In the United States, Black people are disproportionately harmed by the criminal legal system, from violent encounters with police to facing harsher bail setting and sentence length than white people. There is a distinct throughline in American history, beginning with slavery and continuing through vagrancy laws, convict leasing, sharecropping, and the “War on Crime” and “War on Drugs,” that illuminates systemic factors leading to the disproportionate incarceration of Black people relative to white people.4 The U.S. population is comprised of about 13% Black people, while about 35% of jail residents are Black.5-6

Such deeply embedded racism impacts health directly through access to, and quality of, care and indirectly through housing, education, nutrition, and employment, and has led to poorer health outcomes for communities of color. Black people have a lower life expectancy relative to white people and fare worse than white people on a number of health indicators, including receipt of mental health care, prenatal care, maternal and infant mortality, prevalence of diabetes, and deaths from heart disease.7

In addition, attention is needed on correctional health staff who experience racism in the workplace. This requires a culture where allyship, staff wellness, and inclusiveness are normalized and valued. Quantitative and qualitative data can provide insights into the racial makeup of leadership, promotions, and how pervasive experiences of racism are in the workplace. Action should follow. Efforts should focus on open discussion around bias and racism, institutional policies that promote equity, and intentional hiring practices so that both the correctional and health care workforce reflect the patient population.

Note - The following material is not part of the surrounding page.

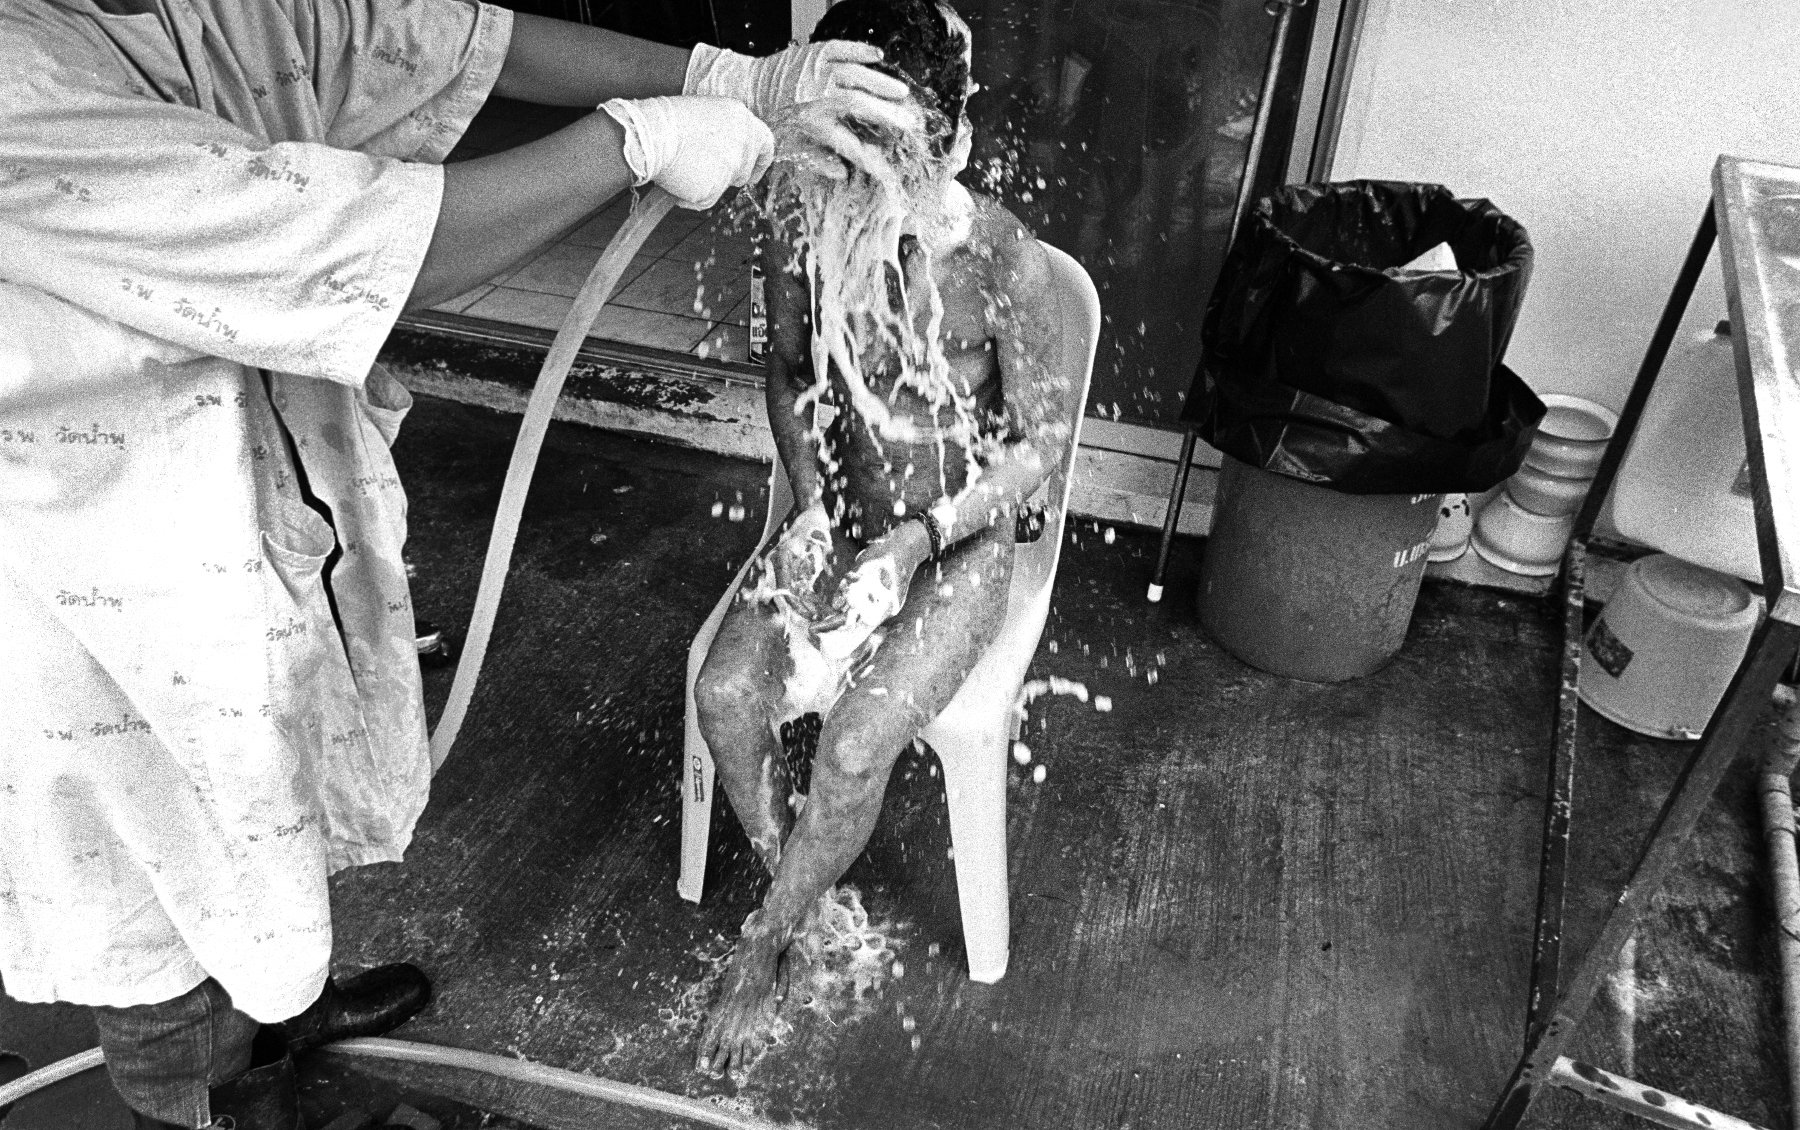  “Care” A volunteer carer bathes a patient at Wat Prabat Nampu. Wat Prabat Nampu is a Buddhist temple and a hospice for those living with HIV. Lopburi, Thailand. 2003. 
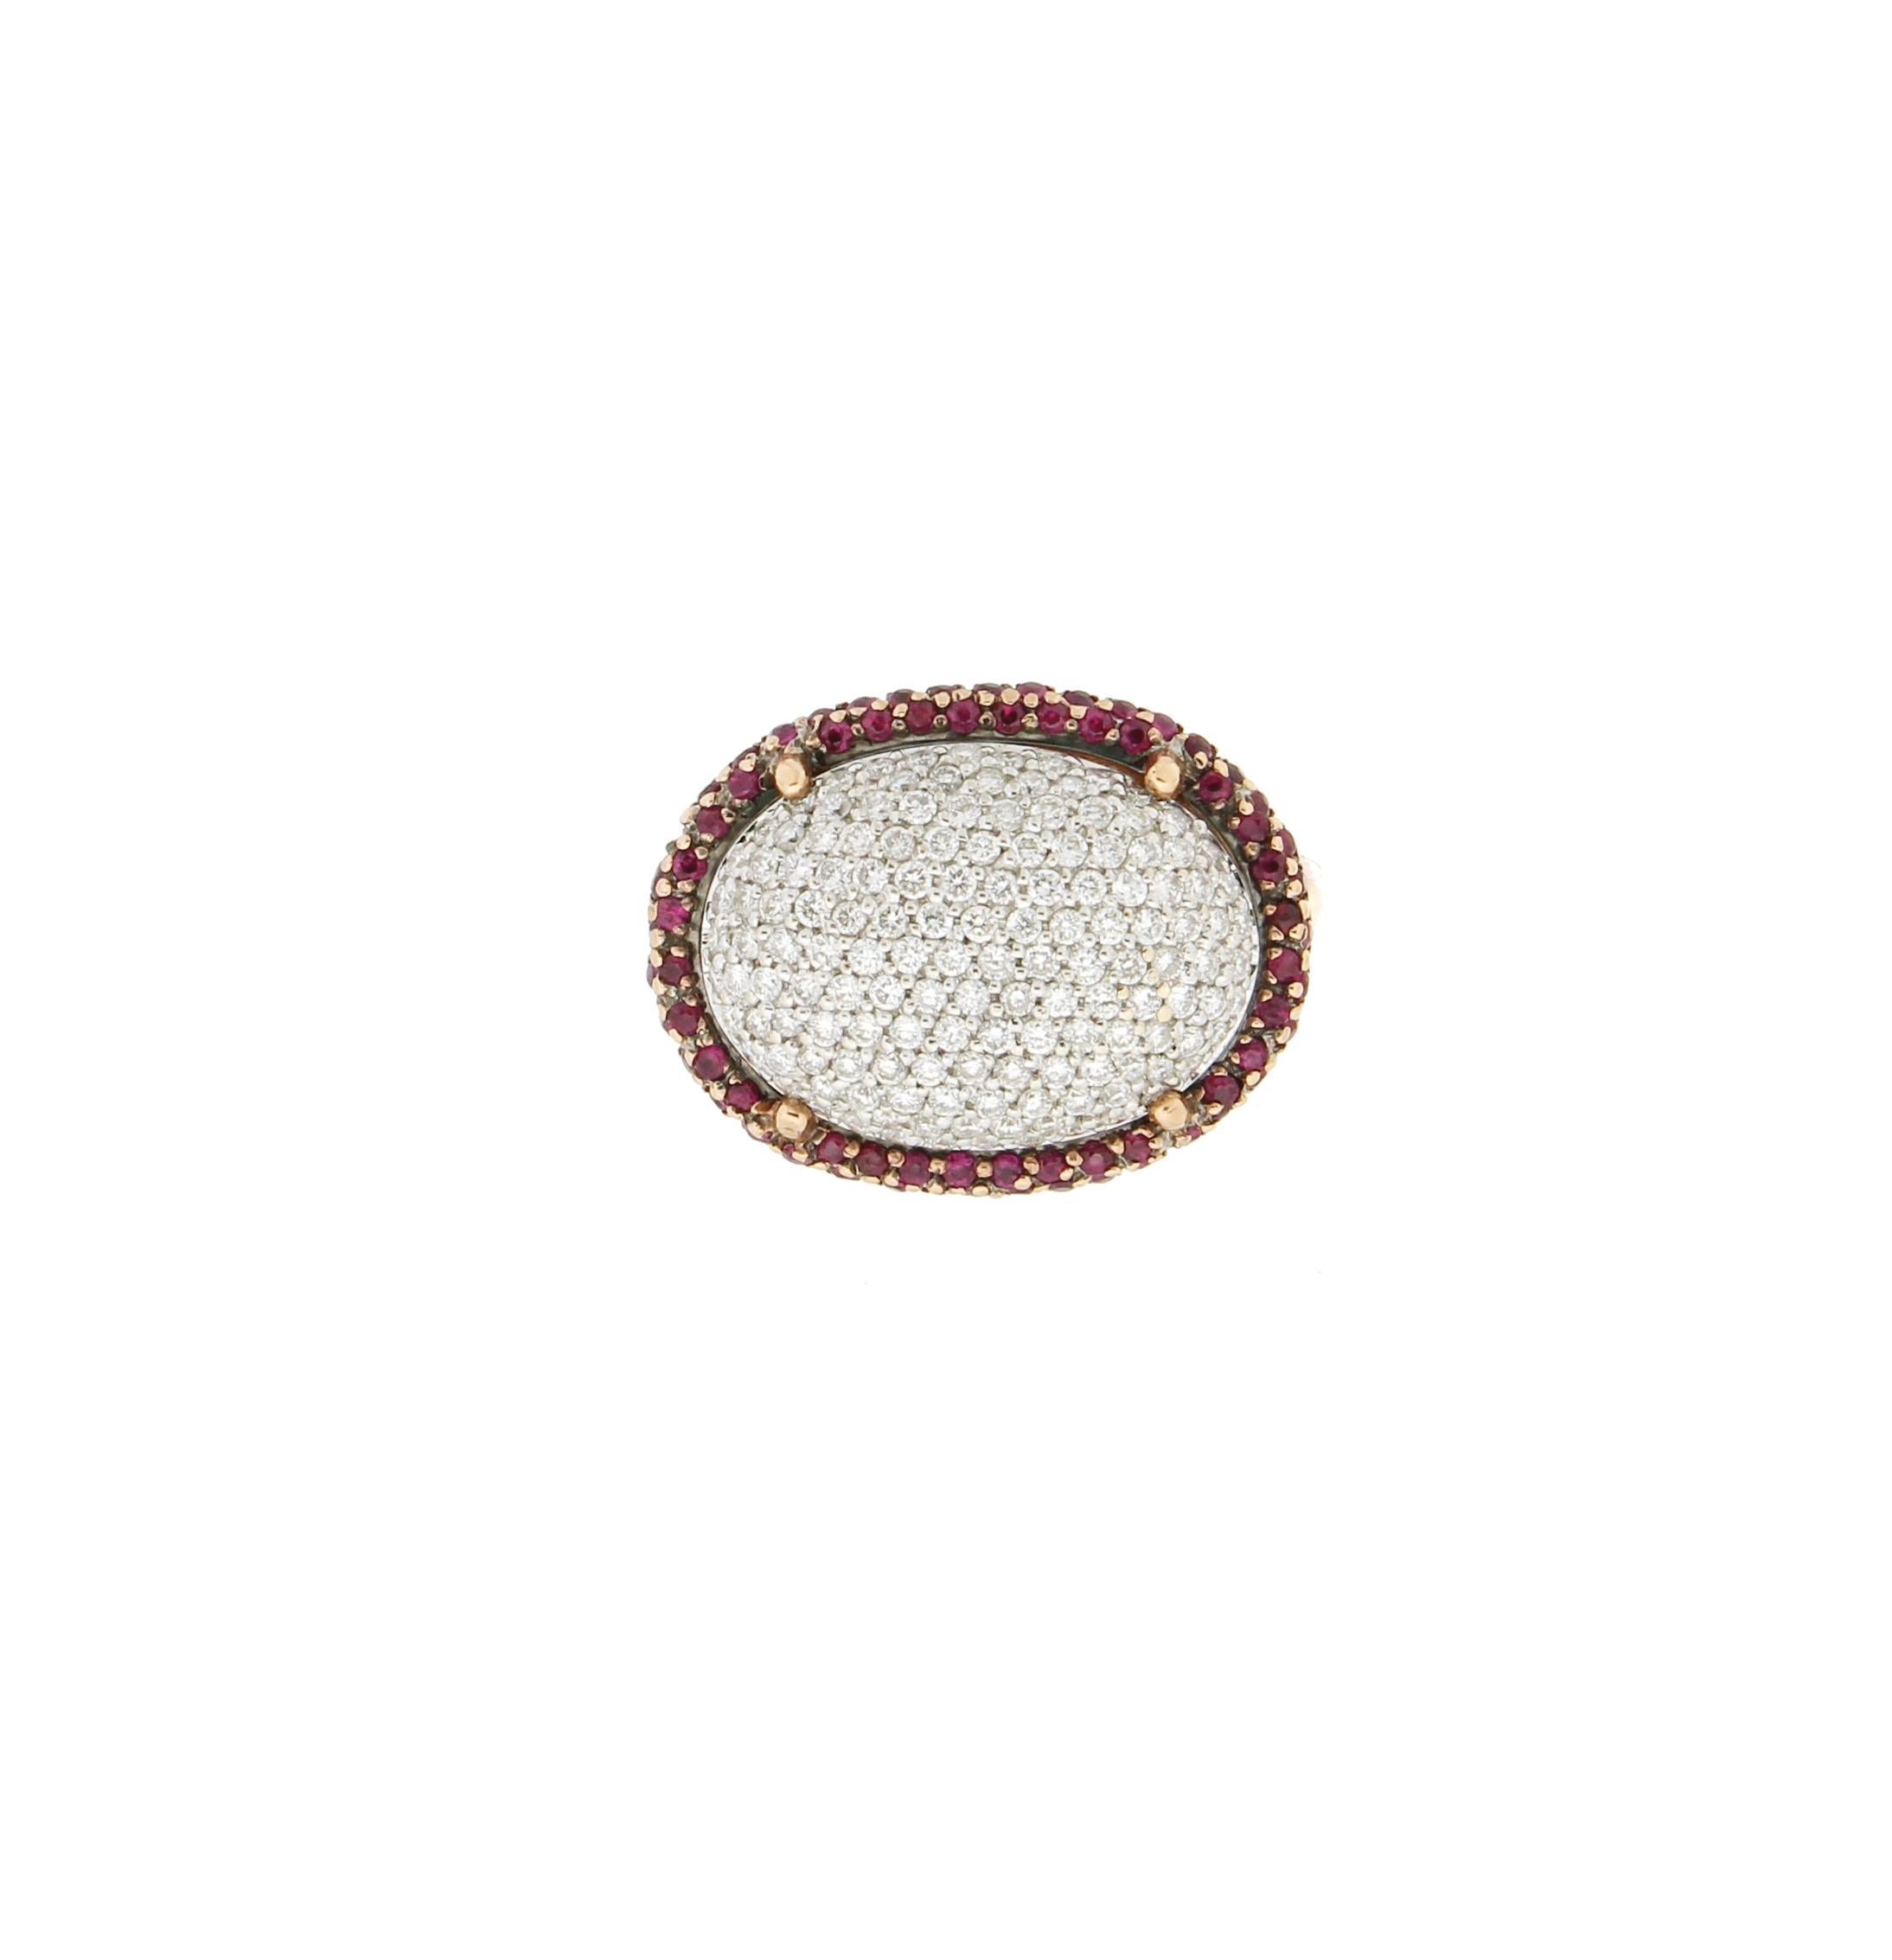 Handcraft Rubies 18 Karat White and Yellow Gold Diamonds Cocktail Ring For Sale 1

It is against this backdrop and within this intersection that we must strive to move correctional health care toward recognizing, understanding, and addressing systemic and other forms of racism. Although systemic racism proliferates in institutions, laws, written and unwritten policies, and entrenched practices and beliefs outside of correctional facilities, while individuals are incarcerated, correctional health and correctional professionals can work to mitigate further harm and to minimize health disparities.

January 12 2024 – adopted by the National Commission on Correctional Health Care Governance Board


  1. American Psychiatric Association. (n.d.). APA Presidential Task Force on Structural Racism glossary of terms.
  2. Braveman, P. A., Arkin, E., Proctor, D., Kauh, T., & Holm, N. (2022). Systemic and structural racism: Definitions, examples, health damages, and approaches to Health Affairs, 41(2), 171–178.
  3. Braveman, P. (2014). What are health disparities and health equity? We need to be clear. Public Health Reports, 129(1_suppl 2), 5-8.
  4. Bailey, Z. D., Feldman, J. M., & Bassett, M. T. (2021). How structural racism works—Racist policies as a root cause of U.S. racial health inequities. New England Journal of Medicine, 384, 768-773.
  5. Zeng, Z., Buehler, E., & Carson, E. A. (2022). Jail inmates in 2021—Statistical tables. S. Department of Justice, Bureau of Justice Statistics.
  6. Jones, N., Marks, R., Ramirez, R., & Ríos-Vargas, M. (2021). 2020 census illuminates racial and ethnic composition of the country.S. Census Bureau.
  7. Hill, L., Ndugga, N., & Artiga, S. (2023). Key data on health and health care by race and ethnicity.,their%20White%20counterparts%20(7%25).